Americans Say 'Boo' In Record Numbers


Fright night is going to get crowded this year, with 170 million expected to get their ghoul on this Halloween, according to a new survey from the National Retail Federation.

That’s a record high for the 10-year-old survey, it says, and represents 71.5% of the adult population, an increase from 68.6% last year. People also plan to spend more than they did last year, with the average person expecting to ante up $79.82 on decorations, costumes and candy, up from $72.31 last year. That means Halloween spending is forecasted to total $8 billion.

The survey, conducted by BigInsights and based on some 9,300 adults, also polled people on how they decide on Halloween costumes. And while most are pretty predictable, with 35.7% getting ideas from stores, 33.7% from online searches and 23.7% from friends and family, social media is gaining clout: Some 15.2% say they will get ideas on Facebook, and 7.1% hope to find inspiration from Pinterest.



On average, more people expect to dress up in costumes this year (45% compared with 43.9% last Halloween), and to spend $28.65 on those outfits, up a smidge from $26.52 in 2011. Families expect to spend somewhat more on kids’ getups this year, with total spending to rise to $1.1 billion. And those who dress up their pets (that’s about 15.1% of the population) expect to spend $370 million doing so, compared with $310 million in 2011. 

More than half (51.4%) say they are going to decorate their home or yard, up from 49.5% last year; 36.2% plan to either throw or go to a party, and 33.2% plan to take children trick-or-treating. 

The spending forecast is good news for retailers, and follows a strong 2011 Halloween, where spending topped pre-recession levels, and is typically good business for seasonal marketers. Amusement and theme parks are moving full force into haunted-house and hayride mode, for example. And Spirit Halloween, the largest seasonal Halloween retailer, says it is opening 1,000 temporary stores across the U.S. and Canada. 

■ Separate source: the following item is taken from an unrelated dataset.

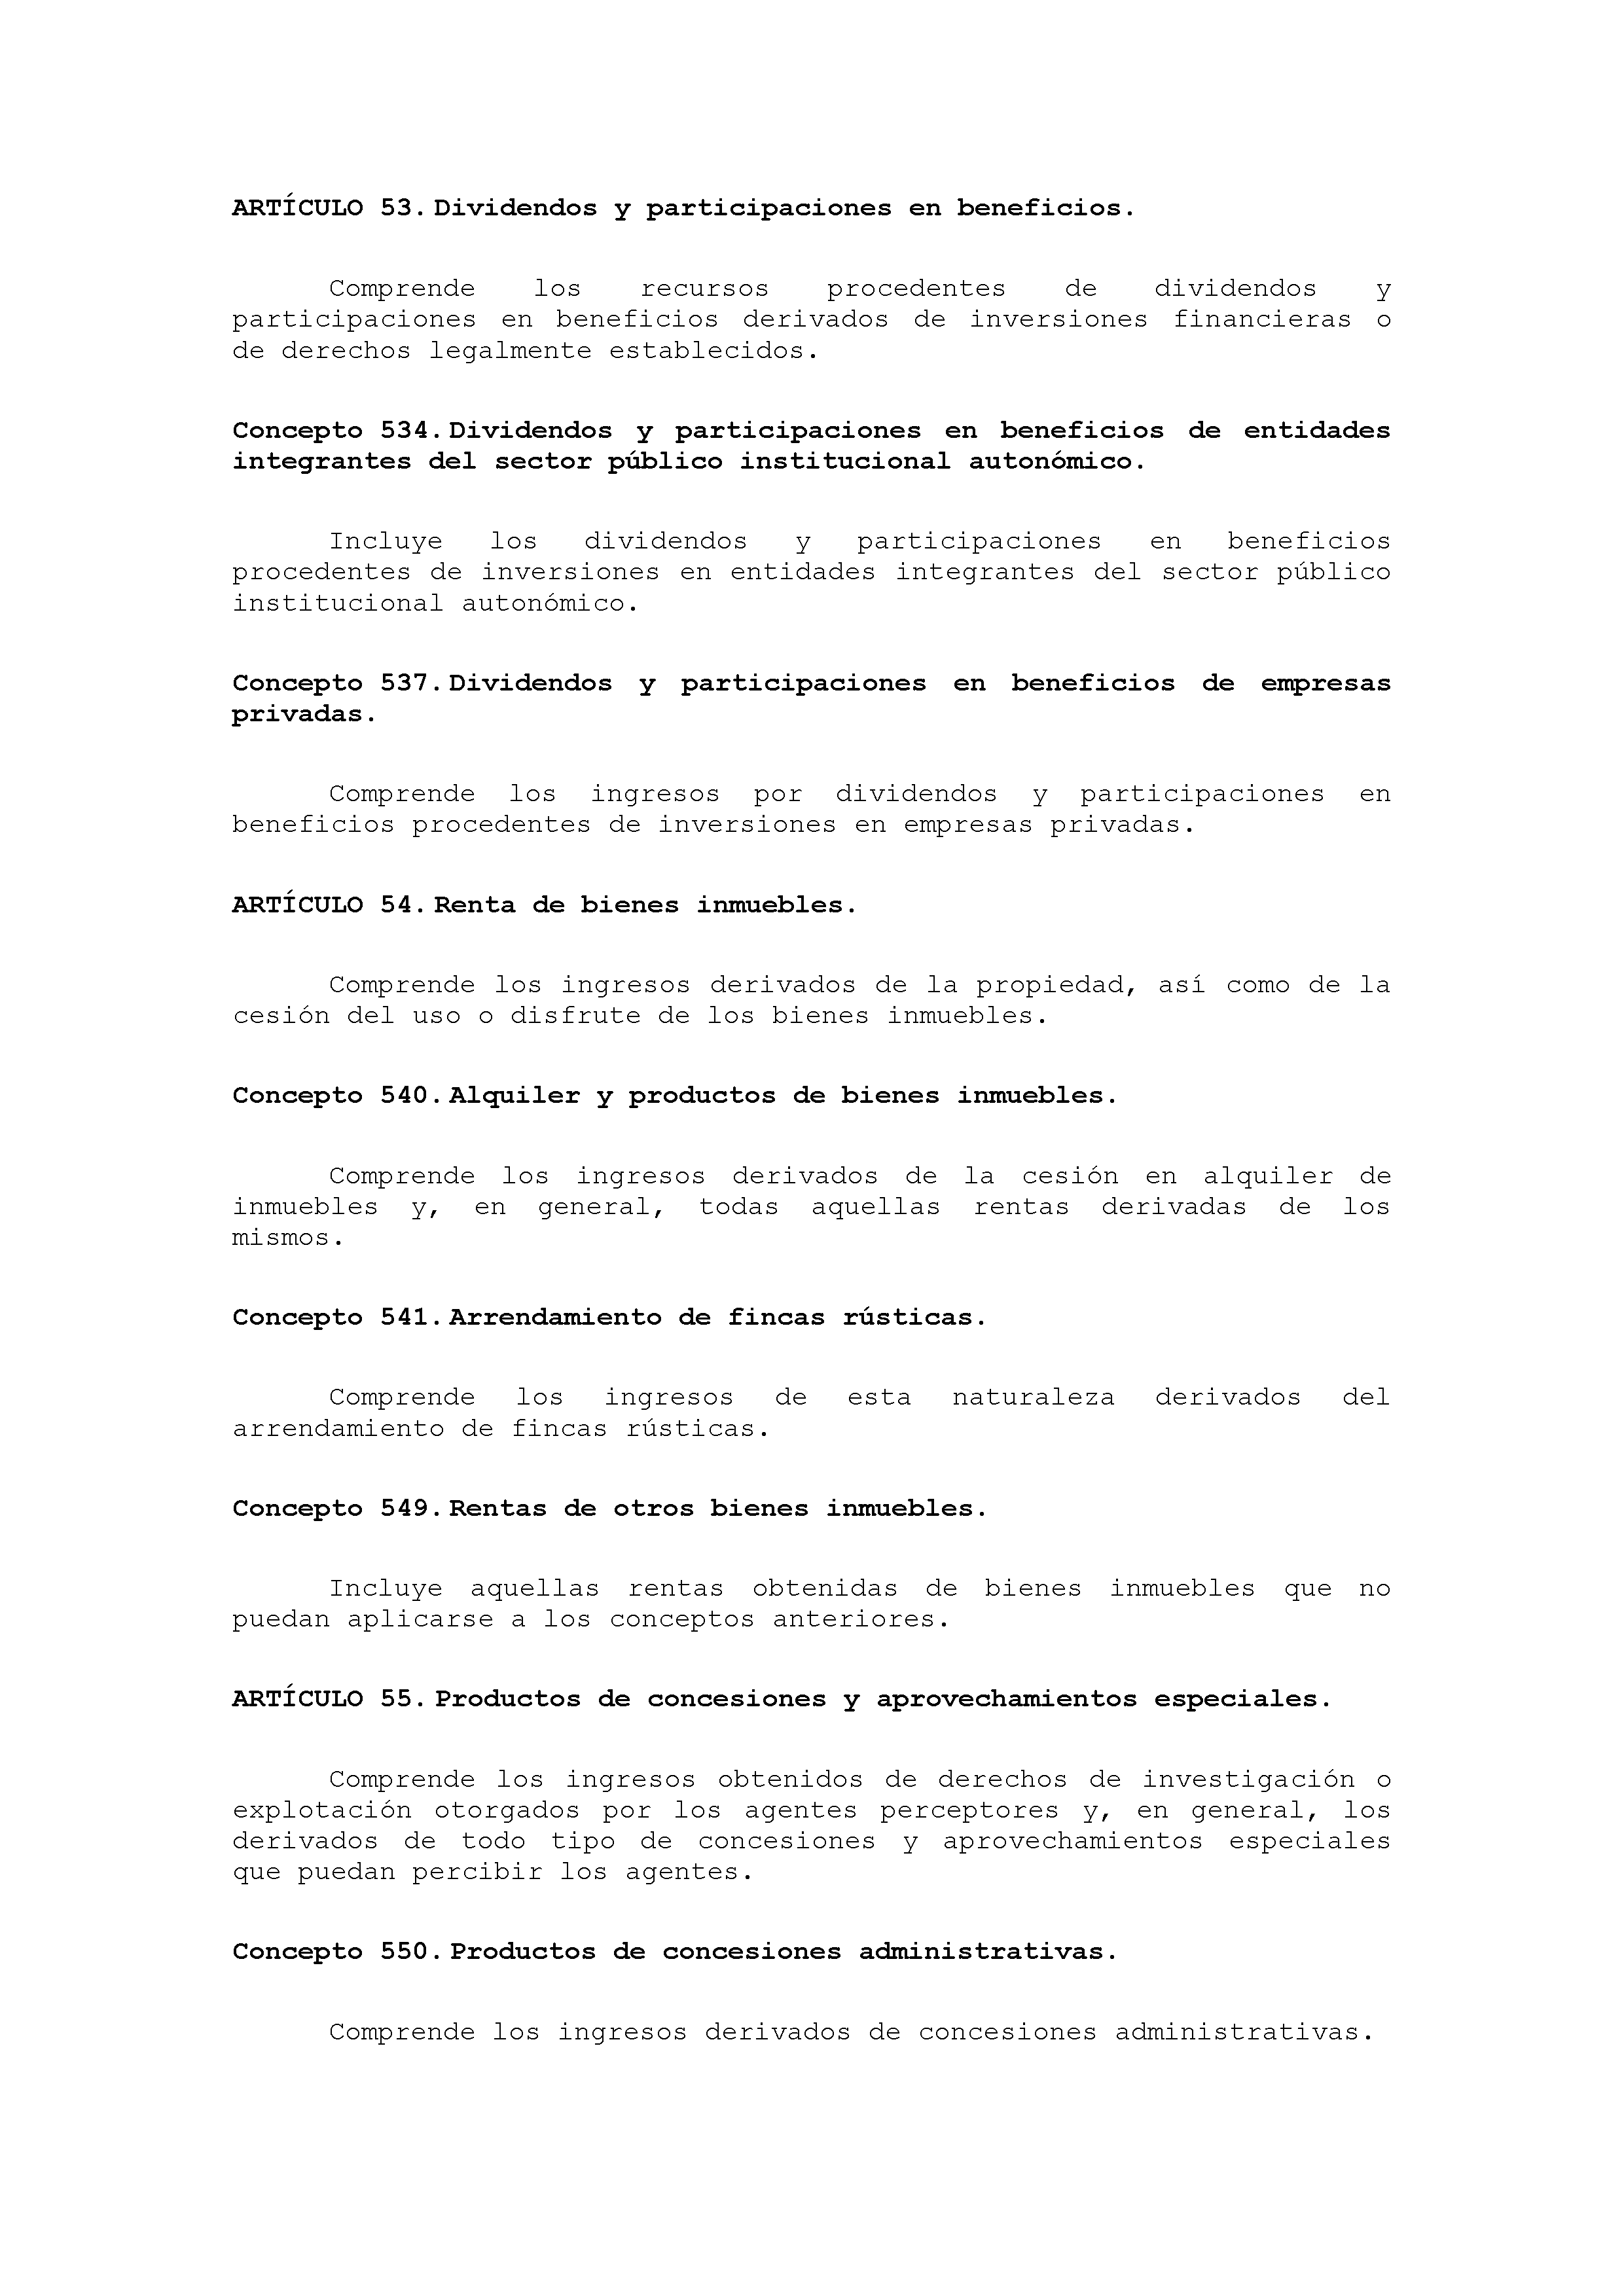 ANEXO VIII CÓDIGO DE LA CLASIFICACIÓN ECONÓMICA DE LOS INGRESOS PÚBLICOS Pag 17
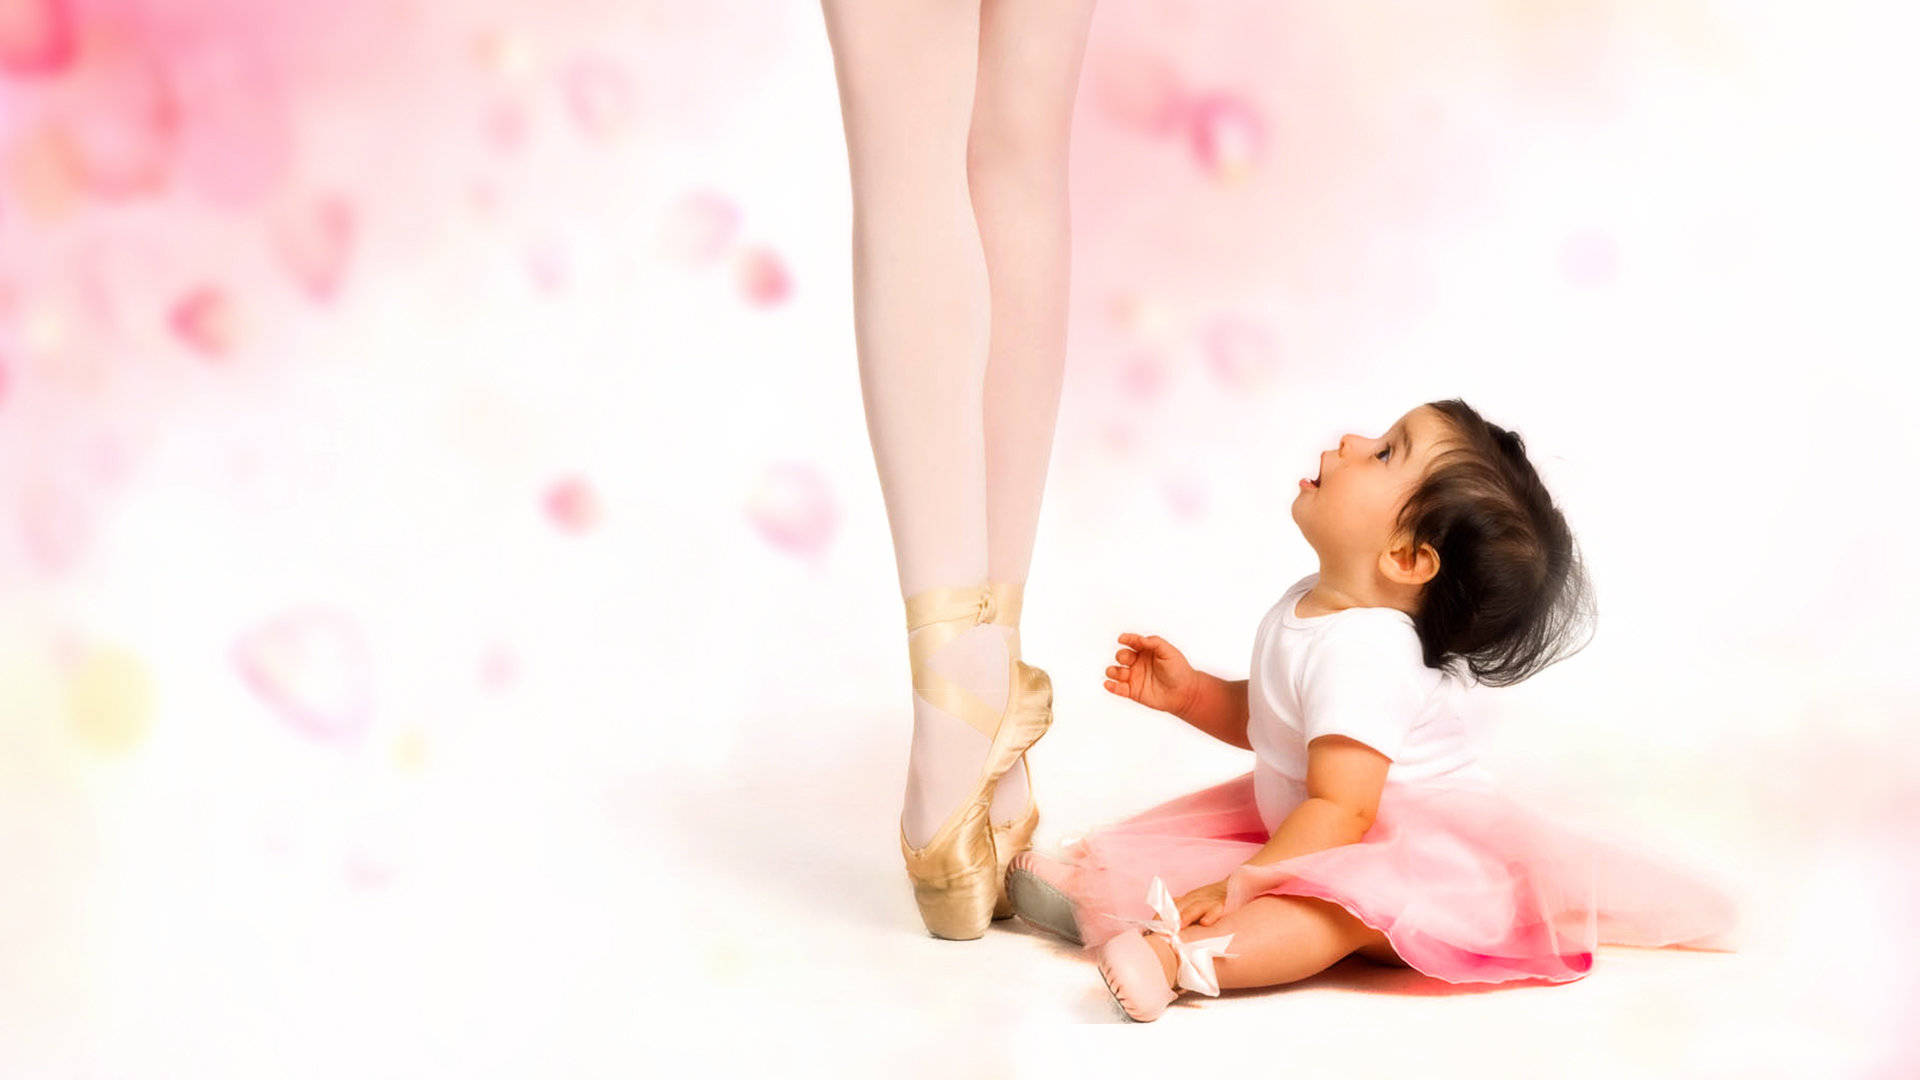 Ballet Dancer And Baby Wallpaper

But mainstream marketers are milking it, too: McCormick is selling special food colorings, for example, while Hostess is offering ScaryCakes and GloBalls. And with the NRF poll finding many consumers are still spooked by the economy, retailers are already using promotional prices to tempt shoppers. Victoria’s Secret’s Sexy Little Sergeant costume is already marked down; Target is taking 20% off many costumes, and Walmart is “treating” online shoppers to free shipping.